Guanadrel
- Names: IUPAC name 2-(1,4-Dioxaspiro[4.5]decan-2-ylmethyl)guanidine

Identifiers
- CAS Number: 40580-59-4;
- 3D model (JSmol): Interactive image;
- ChEBI: CHEBI:5555;
- ChEMBL: ChEMBL1037;
- ChemSpider: 35305;
- IUPHAR/BPS: 7193;
- KEGG: D08029;
- MeSH: C004945
- PubChem CID: 38521;
- UNII: 765C9332T4;
- CompTox Dashboard (EPA): DTXSID2048533 ;

Properties
- Chemical formula: C_{10}H_{19}N_{3}O_{2}
- Molar mass: 213.281 g·mol^{−1}

= Guanadrel =

Guanadrel is an antihypertensive agent.

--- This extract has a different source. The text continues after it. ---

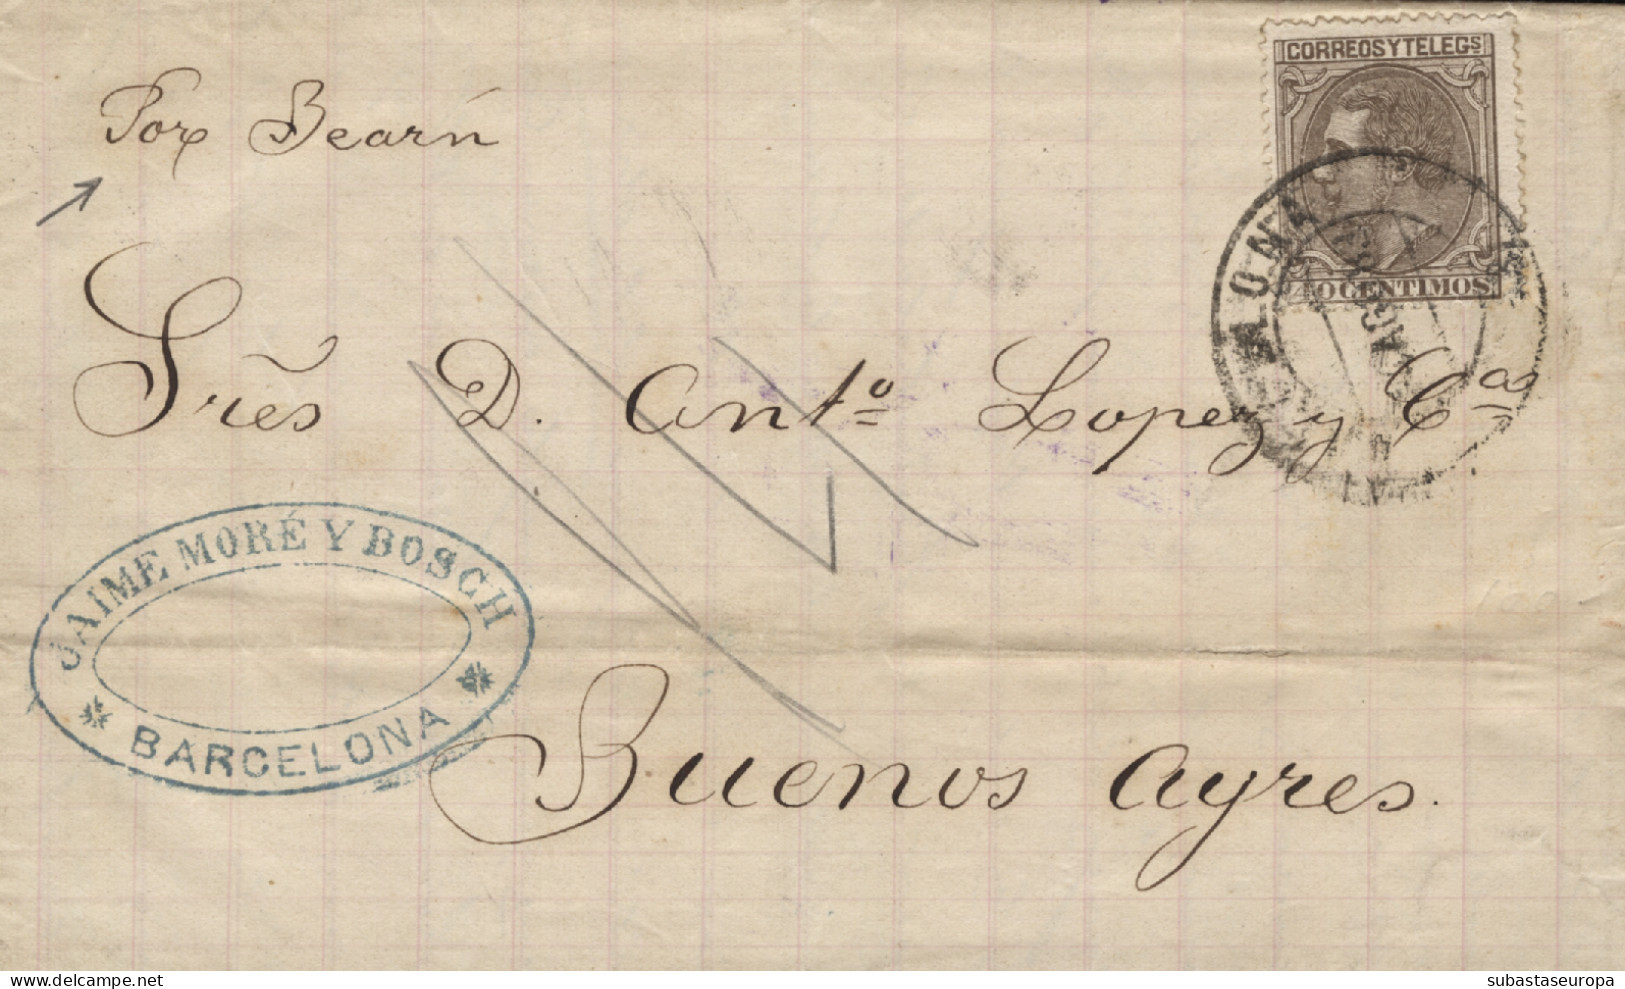 Ø 205 En Carta De Barcelona A Buenos Aires, El Año 1883. Manuscrito "Por Bearn". Llegada Al Dorso. - Lettres & Documents

It is used in the form of its sulfate.

==Mechanism of action==
Guanadrel is a postganglionic adrenergic blocking agent. Uptake of guanadrel and storage in sympathetic neurons occurs via the norepinephrine pump; guanadrel slowly displaces norepinephrine from its storage in nerve endings and thereby blocks the release of norepinephrine normally produced by nerve stimulation. The reduction in neurotransmitter release in response to sympathetic nerve stimulation, as a result of catecholamine depletion, leads to reduced arteriolar vasoconstriction, especially the reflex increase in sympathetic tone that occurs with a change in position. Guanadrel is rapidly and well absorbed from gastrointestinal tract.

In 1981 the JAMA reported guanadrel as an effective step II or step III treatment of hypertension.